BRIEF DESCRIPTION OF THE DRAWINGS

[011] The various features and advantages of this invention will become apparent to those skilled in the art from the following detailed description of the currently preferred embodiment with reference to the accompany drawings wherein:

[012] Figure 1 illustrates a side elevation profile of a refrigerated merchandiser having an open-front display case showing an outer air curtain and an inner air curtain directed across a product display region of the case in a divergent relationship;

[013] Figure 2 illustrates a side elevation profile of a refrigerated merchandiser having an open-front display case showing an outer air curtain and an inner air curtain directed across a product display region of the case in a parallel relationship;

[014] Figure 3 illustrates graphically the variation in air curtain performance as the relative velocity of two parallel air curtains changes; and

[015] Figure 4 illustrates graphically the variation in air curtain performance as the angle of divergence between the two divergent air curtains changes.

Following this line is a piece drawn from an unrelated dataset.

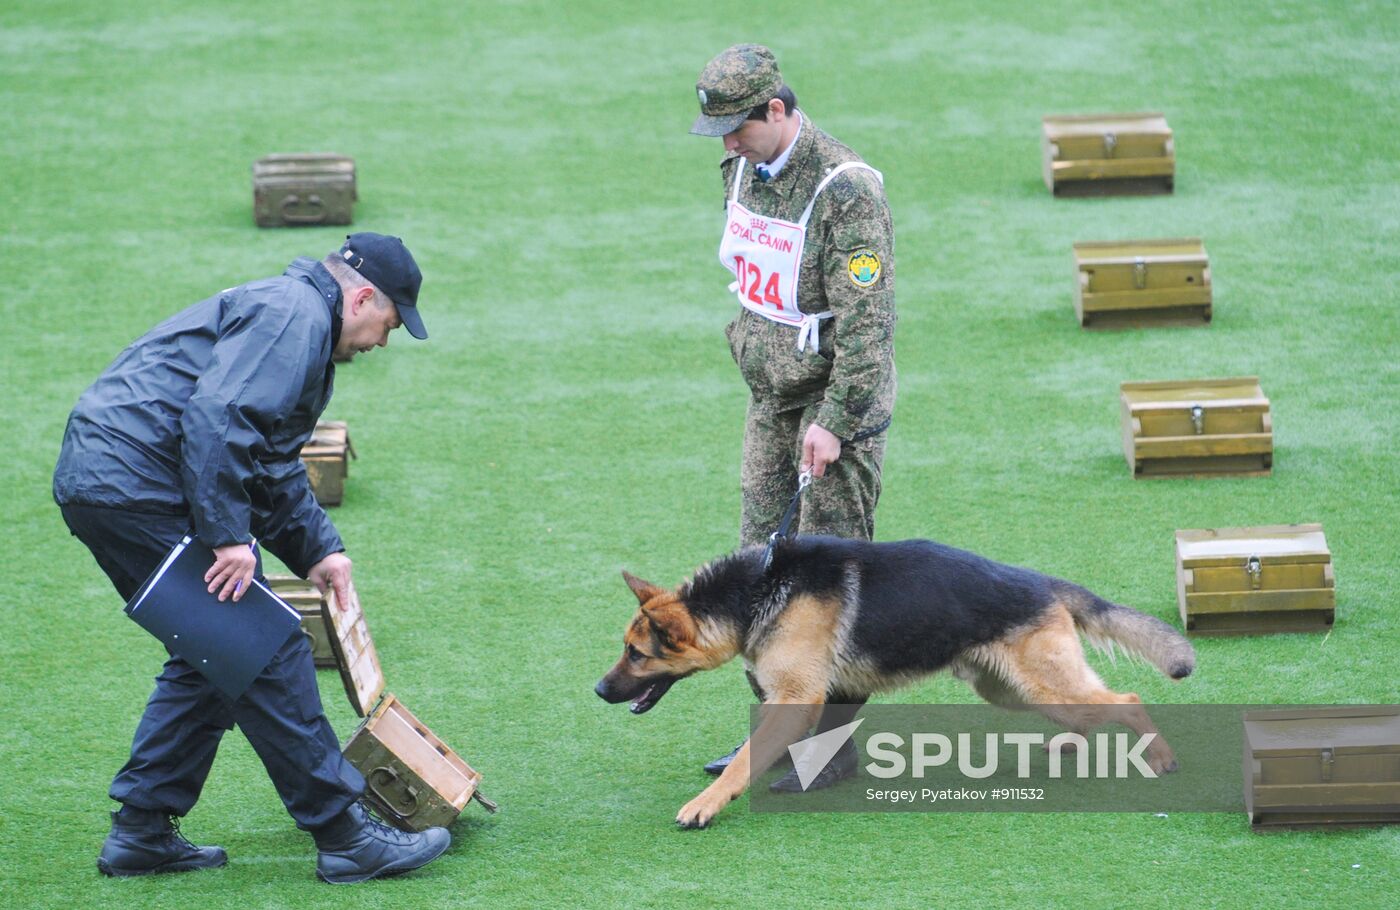 Professional Canine Championship of Russian customs authorities

DETAILED DESCRIPTION OF THE PREFERRED EMBODIMENT

[016] The method of the present invention will be described hereinafter in application on a refrigerated merchandiser for the purpose of establishing an air curtain barrier between the refrigerated product display area interior to the refrigerated merchandiser and the ambient area in front of the refrigerated merchandiser. It is to be understood, however, that the method of the present invention has a much broader application. Broadly, the present invention provides a method for establishing a separation barrier at an interface between a first environment having a fluid at a first condition and a second environment having a fluid at a second condition. For example, for purposes of illustration, but not limitation, the method of the present invention could be applied to maintaining a barrier between at a warehouse door between a environmentally controlled interior and an exterior loading dock, or at a store entrance between the temperature controlled store interior and the ambient outdoor environment. Accordingly, the following description of the present invention as applied to a refrigerated merchandiser is not intend to limit the scope of the method of the present invention, but merely to illustrate the method of the present invention in a particularly advantageously application thereof.

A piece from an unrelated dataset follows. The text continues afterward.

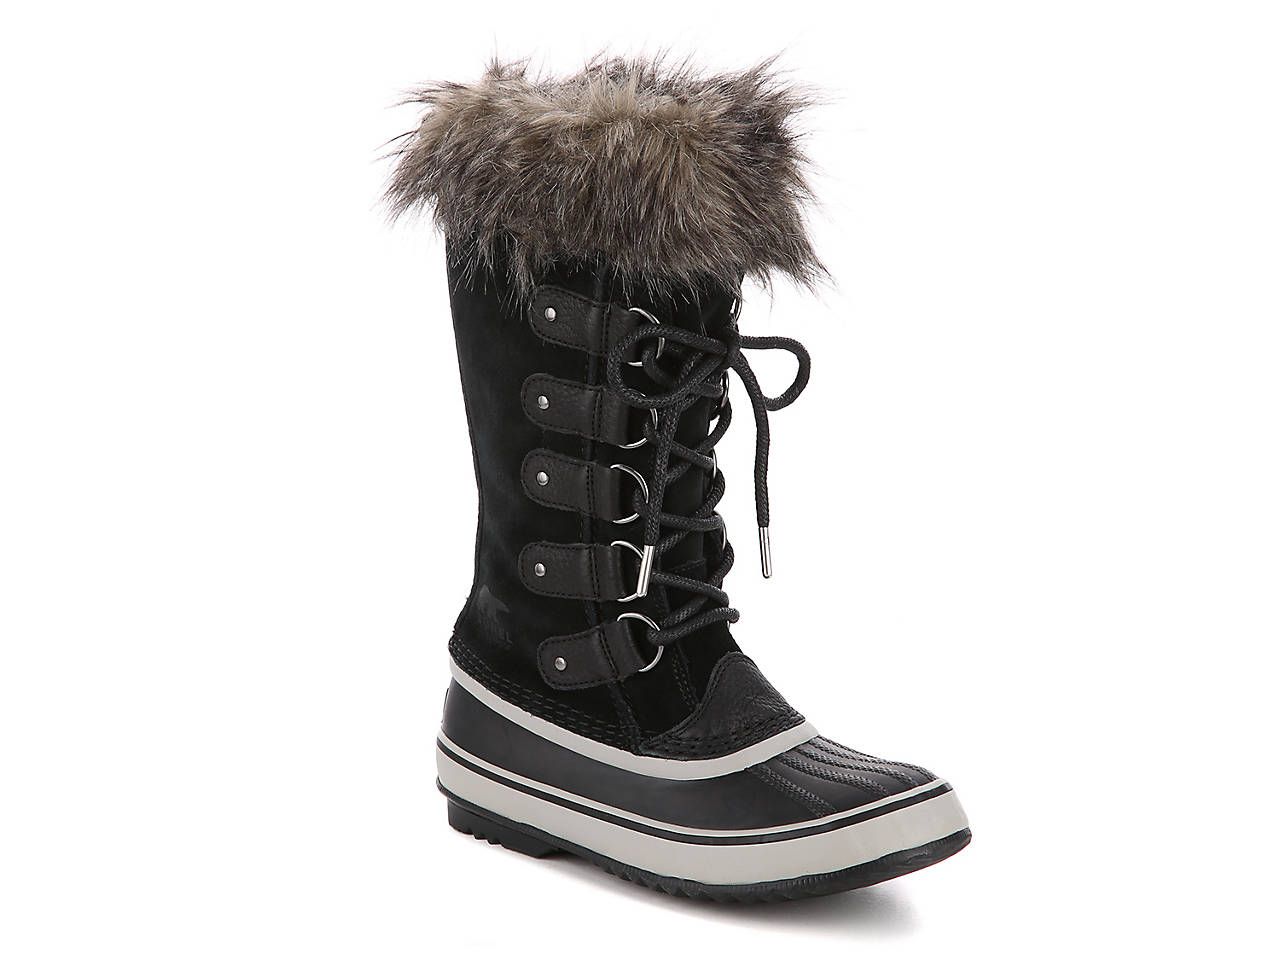 25% Off - Prices as Marked - Joan of Arctic Snow Boot | DSW

[017] Referring now to Figures 1 and 2, the refrigerated merchandiser 10 includes an outer cabinet 12 and an inner cabinet liner 20 that defines within its bounds an open- front product display region 30. The outer cabinet has a base 13, a rear wall 14 extending upwardly from the back of the base 13, a top wall 15 extending forwardly from the rear wall and a pair of side walls 16 extending vertically from the base 13 to the top wall 15 and forwardly from the rear wall 13. The inner cabinet liner 20 has a top panel 28, a back panel 26, a bottom panel 22 and opposed side panels 24 which together bound the open-front product display region 30. Each of the cabinet base 13, rear wall 14, top wall 15 and side walls 16 is insulated, as in conventional practice, to thermally isolate the interior of the cabinet 12, including the product display region 30, from excessive heat transfer therethrough. [018] Perishable product 80 being merchandized may be displayed on shelves 12 disposed within the product display region 30 and upon the upper surface of the bottom panel 24. The product display region 30 has an open front 25 so as to permit consumers to not only view, but also reach into the product display region 30 to select and remove items of product 80 that they desire to purchase. Product display region 30 is cooled in a conventional manner to a desired product temperature, typically to a temperature between -10°F to less than about 40°F, depending upon what product is being merchandised therein and whether the product is frozen or non-frozen.

[019] The refrigerated merchandiser 10 further includes a refrigeration compartment 40, typically disposed in the portion of the display cabinet 12 between the base 13 and the bottom panel 24, as depicted in Figure 1, wherein components of the refrigerant system, typically a tube coil evaporator 50 and a air mover 60, such as for example one or more fans, are housed. However, it is to be understood that the specific type of air mover employed is not relevant. As in conventional practice, refrigerant passing through the tubes of the evaporator 40 cools air passing over the surface of the evaporator tubes. The refrigerant is typically supplied from a remote refrigeration unit located elsewhere within the store. However, it is to be understood that the present invention may also be employed on standalone refrigerated merchandisers that include their own refrigeration unit for providing the cold refrigerant.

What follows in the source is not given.